Metastatic prostate cancer in transsexual diagnosed after three decades of estrogen therapy

Rafal Turo 1,, Samer Jallad 1, Stephen Prescott 1, William Richard Cross 1
PMCID: PMC3758950  PMID: 24032068

Abstract

The incidence of prostate cancer in transsexual patients is very low with only few reported cases. Many years before presenting with prostate cancer, these patients receive hormone ablation as a part of their gender therapy. Their disease is already defined as castrate resistant, and the treatment and follow-up of such patients remains a challenge. We report a case of a male-to-female transgender woman who was diagnosed with metastatic prostate cancer, 31 years post-feminization.

Case report

In 1970, a 45-year-old woman underwent male-to-female sex reassignment surgery, including bilateral orchidectomy. Since then she had started feminizing estrogen therapy, which included conjugated estrogen tablets 1.25 mg daily with no other hormone manipulation therapy. She had no documented family history of prostate cancer.

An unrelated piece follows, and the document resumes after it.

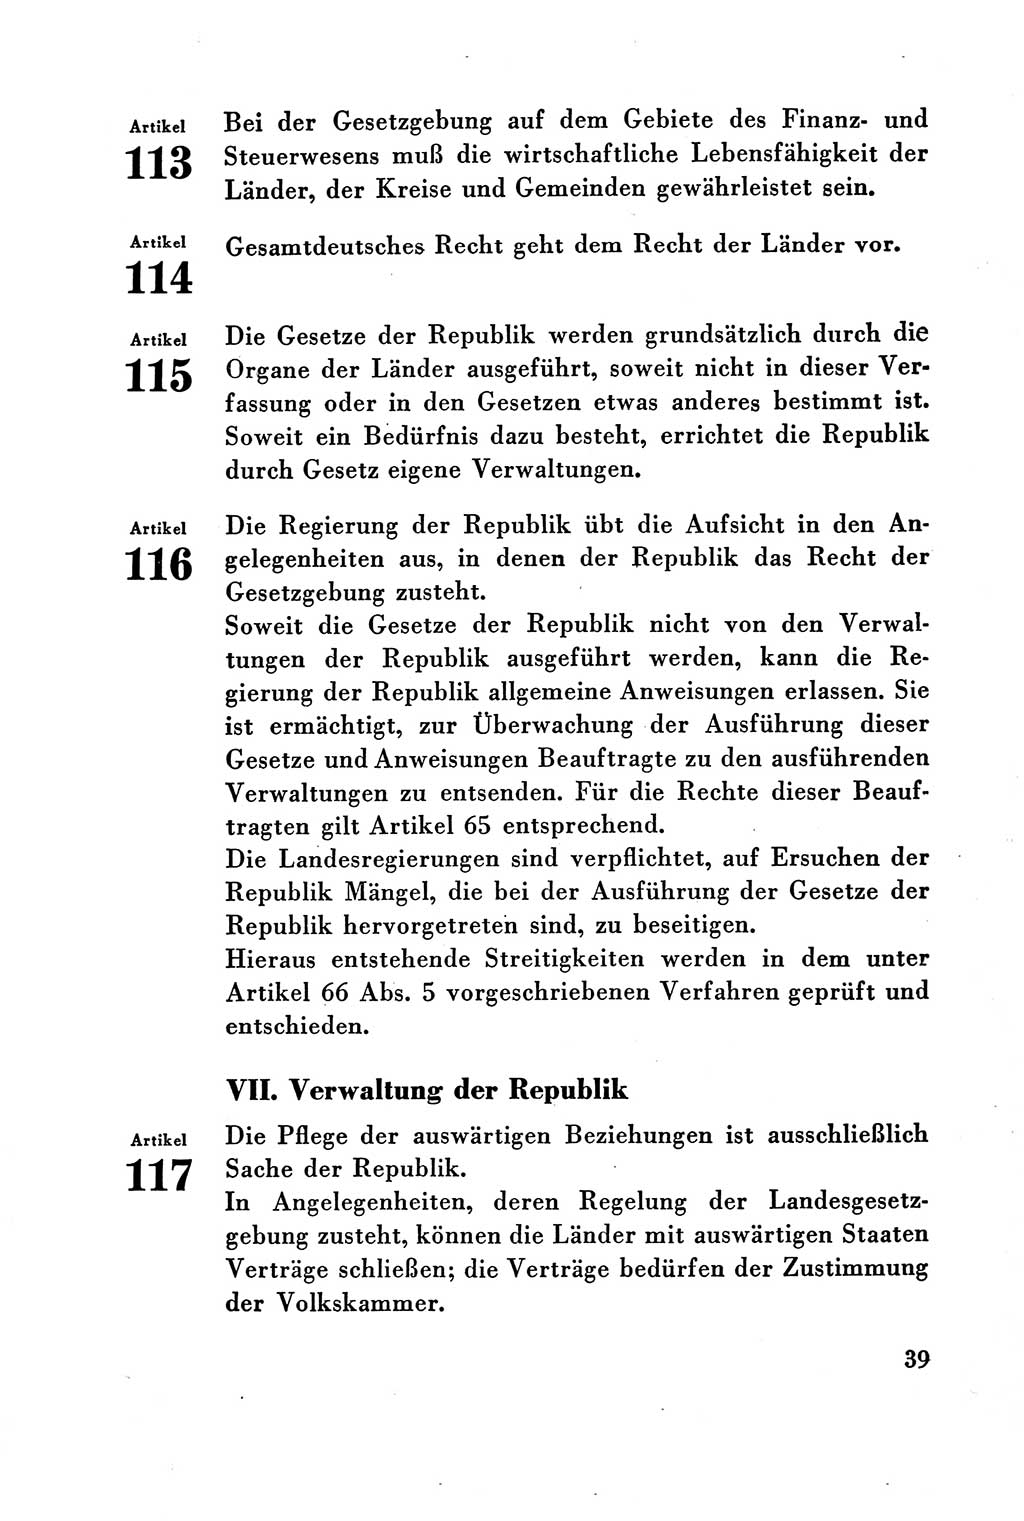 Verfassung der Deutschen Demokratischen Republik (DDR) vom 7. Oktober 1949, Seite 39 (Verf. DDR 1949, S. 39)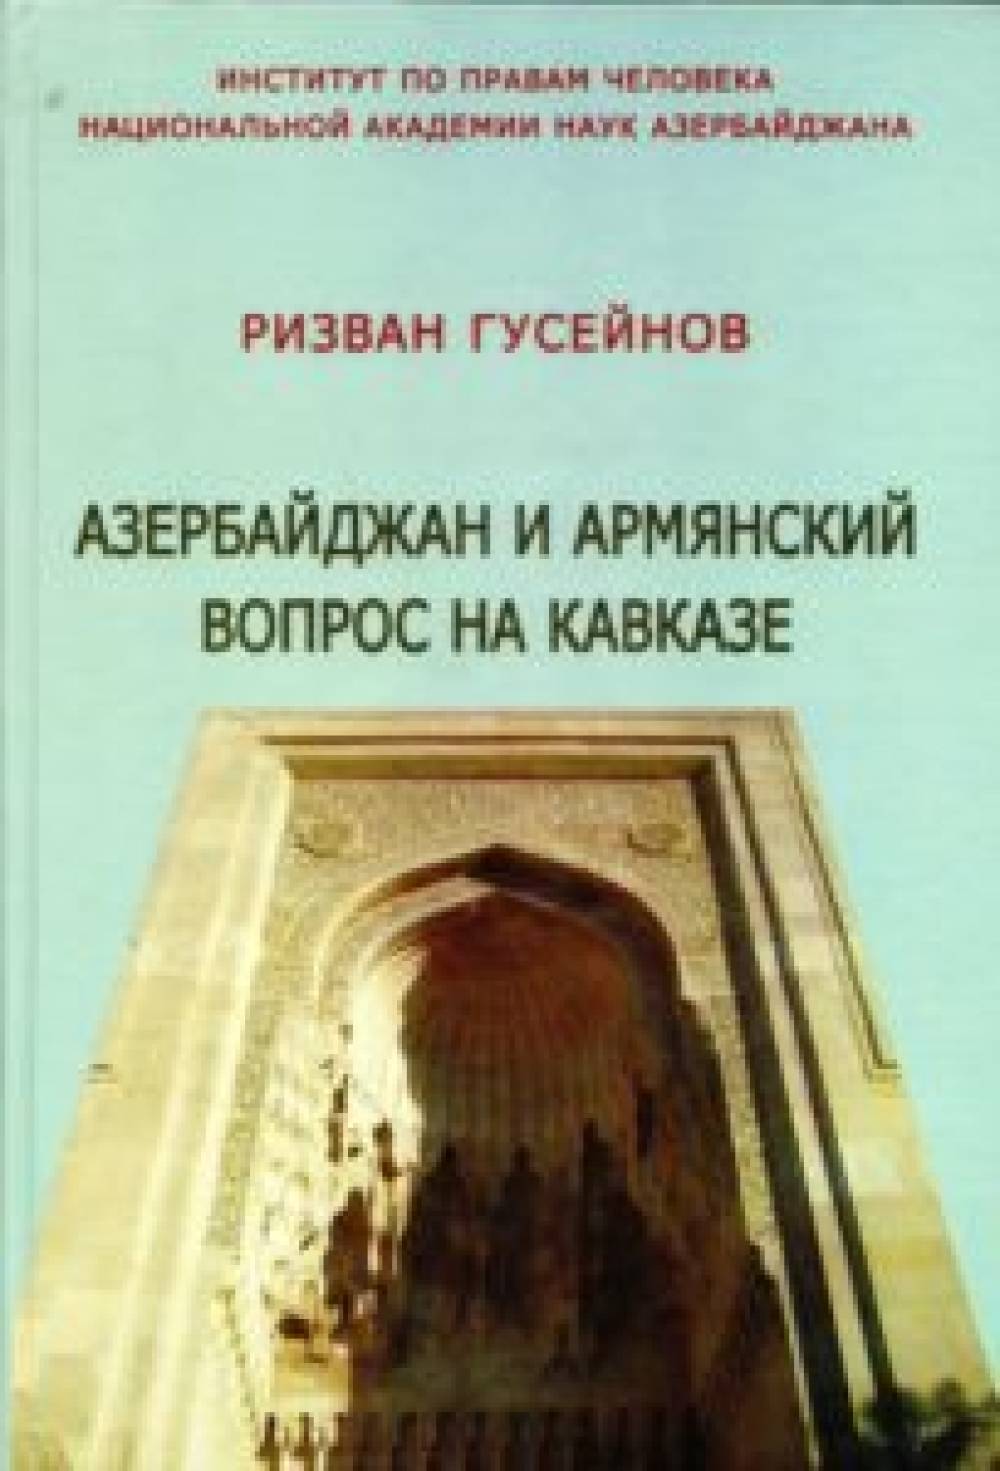 P.H.Гусейнов " Азербайджан и армянский вопрос на Кавказе"

At the age of 75, she presented with obstructive voiding urinary symptoms and was found to have a serum prostate-specific antigen (PSA) level of 13.5 ng/mL; no previous PSA level had been measured (Fig. 1). Her testosterone value was in the castrate range. She underwent a transurethral resection of the prostate and the histology revealed a Gleason 7 prostatic adenocarcinoma. Staging scans did not reveal any evidence of gross metastatic disease. In July 2000, the patient completed a course of external beam radiotherapy (20 fractions of 55.00 Gy) with curative intent. Treatment was well-tolerated. For 18 months following radiotherapy, her PSA values stabilized to about 20 ng/mL. Two years later, her PSA has risen to 37 ng/mL, at which time antiandrogen therapy was initiated (flutamide 250 mg, three times a day) and her estrogen replacement therapy was converted to diethylstilboestrol (1 mg once a day). Four months later, her repeat PSA value decreased to 20 ng/mL. At the end of the same year, diethylstilboestrol had been replaced with ethinyl estradiol (150 mcg once a day), which did not seem to have an effect on future PSA values. At that time a restaging bone scan was done which revealed a suspicion of single metastasis in the proximal femur. She remained asymptomatic. Fourteen months later, her PSA level increased to 40 ng/mL and a repeat bone scan demonstrated significant progression of osseous metastatic disease. At that time palliative chemotherapy was initiated. The patient was treated with mitoxatrone every 21 days and with prednisone 5 mg orally twice daily. She was given 6 cycles of chemotherapy with no toxic side effects. Her PSA initially rose from 53 ng/mL at the start of chemotherapy to 75 at the third cycle and reached plateau at 78 ng/mL after the sixth cycle. Repeated bone and computed tomography scan during chemotherapy showed stable appearances. On August 27, 2005, she was admitted to hospital with general deterioration in health. The next day, the patient died of thromboembolic event.

Fig. 1.

Fig. 1.

Prostate-specific antigen values during treatment of transgender women with prostate cancer.

Discussion

The development of prostate adenocarcinoma in feminized transgender women is extremely rare. It has been assumed that castration in early life protects against prostate cancer. There are a few case series on castrated Ottoman court eunuchs, who, after 44 years, have small or non-palpable prostates on digital rectal examination, with evidence of atrophy on histological examination.1 It might suggest that the development and the viability of the gland throughout life require the continued presence of androgens. After 8 months of anti-androgen or estrogen therapy, the histological appearance of the prostate reveals low content of malignant epithelial cells, which are only detectible by immunohisto-chemical staining. According to tumour stem cell hypothesis, these cells might contain tumour stem cells which later give rise to recurrent tumours in new environment.2 There are numerous unanswered questions rising with regards to diagnosis and management of prostate cancer in transgender women. Should these patients be offered radical prostatectomy before initiation of estrogen therapy? Or should we closely monitor these patients with routine PSA measurements? One of the unresolved questions is whether the long-term administration of estrogens in male-to-female transsexuals is safe? To our knowledge only 3 cases of prostate cancer in transgender women have been reported.35 In these patients, the longest duration between initiation of estrogen therapy and diagnosis was 23 years. Our case is the first reporting the development of metastatic prostate cancer diagnosed 31 years after feminization despite previous radical treatment with curative intent.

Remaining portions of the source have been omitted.